She healed Ludo first, and then sent him out to collect others who were seriously wounded or paralyzed by elfshot. By the time she had finished healing those still on or near the battlefield, word had spread, and there was a long procession of inhabitants carrying or supporting their wounded friends and family members. Hoggle was quick to weed out those who could heal on their own in time, but even so, Sarah spent several hours laying her hands on grubby, blood stained goblins and other injured creatures, using the Labyrinth's borrowed power to knit together bones and flesh and push out the elfshot toxin. Her eyesight was blurry with exhaustion long before she was finished, and she had given up walking from patient to patient, letting the wounded come to her where she sat on Ludo's knee. When the last goblin had scampered gleefully away, seemingly unfazed by his temporary paralysis and potential demise, Sarah slumped back against Ludo's warm and rumbling chest, closing her eyes gratefully and burrowing her face in his soft fur.

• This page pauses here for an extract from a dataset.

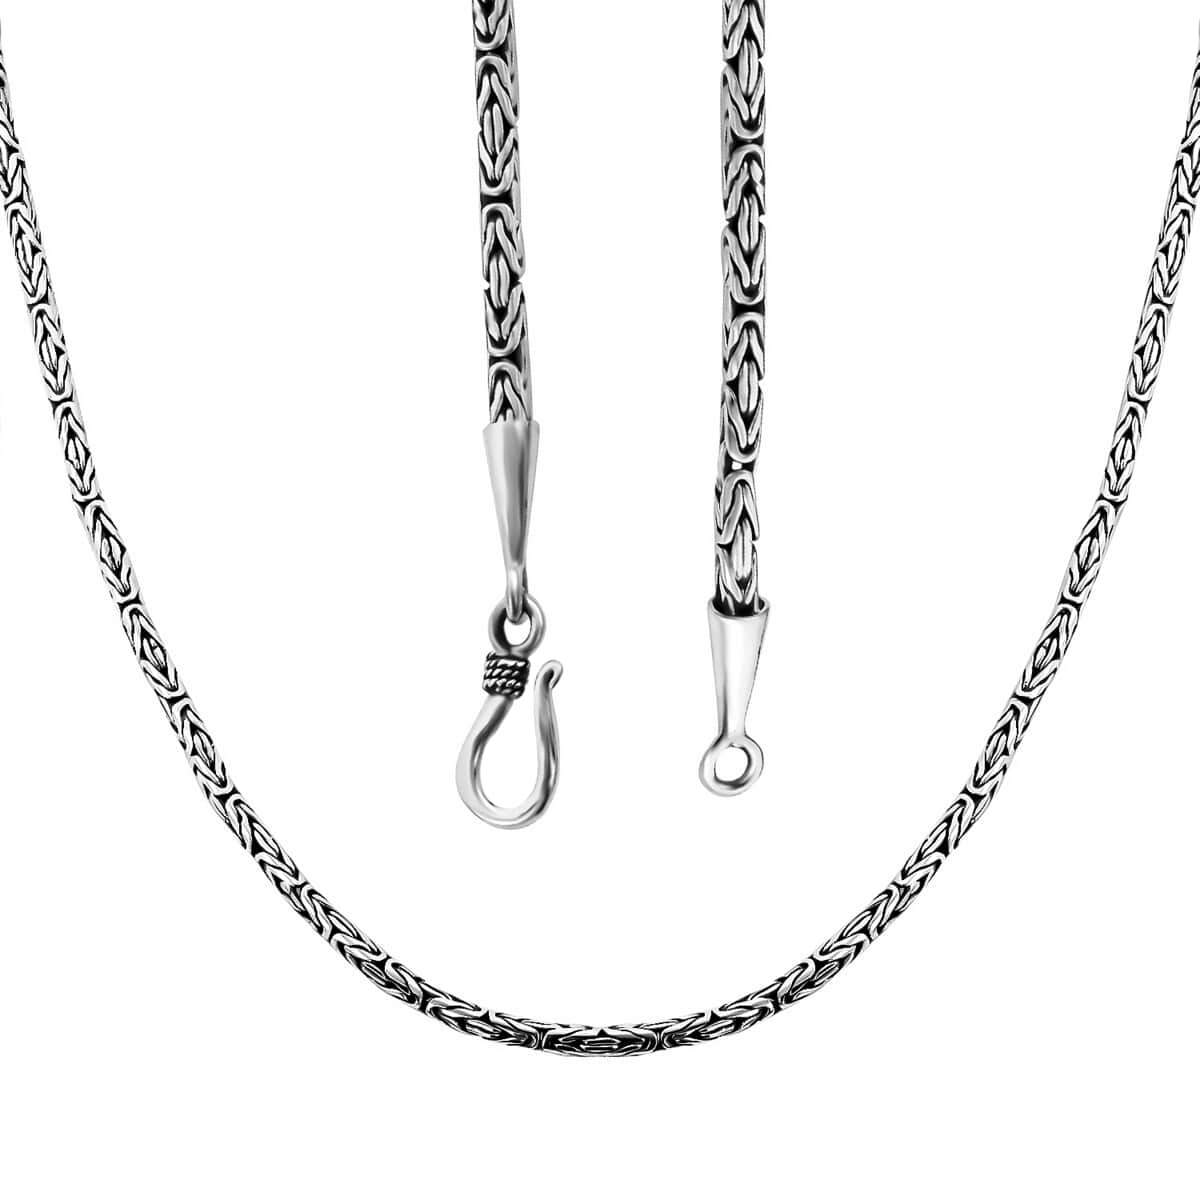 Bali Legacy Sterling Silver Borobudur Chain Necklace, Sterling Silver Necklace, Silver Jewelry, 22 Inch Chain Necklace 2.5mm 22.40 Grams image number 5

"Sawah tired?" asked the great beast, as he gently stroked her hair with a dark finger.
"Course she's tired, ya big brute. We all are. You should get some sleep, Sarah." Sarah sighed, wishing that she could agree with Hoggle's advice, but she knew she had one more thing to do before she could rest.
"I have to see him." They did not need to ask whom she meant.
And that was what brought her to the Goblin King's study. Her new connection to the Labyrinth told her that he was in there – she knew the source of that hurt pride, even if the Labyrnth did not – but there was no answer to her knock. She sighed and started to ease the door open, ducking back quickly to avoid the object which shattered against the doorframe. Eyeing the remains of what looked to be a vase, she spoke to her unseen assailant.
"I suppose I deserved that."
"Go away."
"Jareth, please?" When he didn't answer, she cautiously opened the door all the way, her eyes finding him immediately, despite the darkness of the unlit room. He was slumped in the windowsill, his gaze locked on the Labyrinth beyond.
"I'm sorry. When I woke, I didn't know what had happened. I wasn't thinking straight, and I," she hated admitting it to him, "I thought you might be Drake. I was frightened." Jareth's lack of response or even acknowledgement irked Sarah, but she swallowed her pride, reminding herself what she owed him and what he'd been through. "Thank you for saving my life. Again." He still said nothing, but Sarah was determined to wait him out. Finally he spoke, his voice bitter.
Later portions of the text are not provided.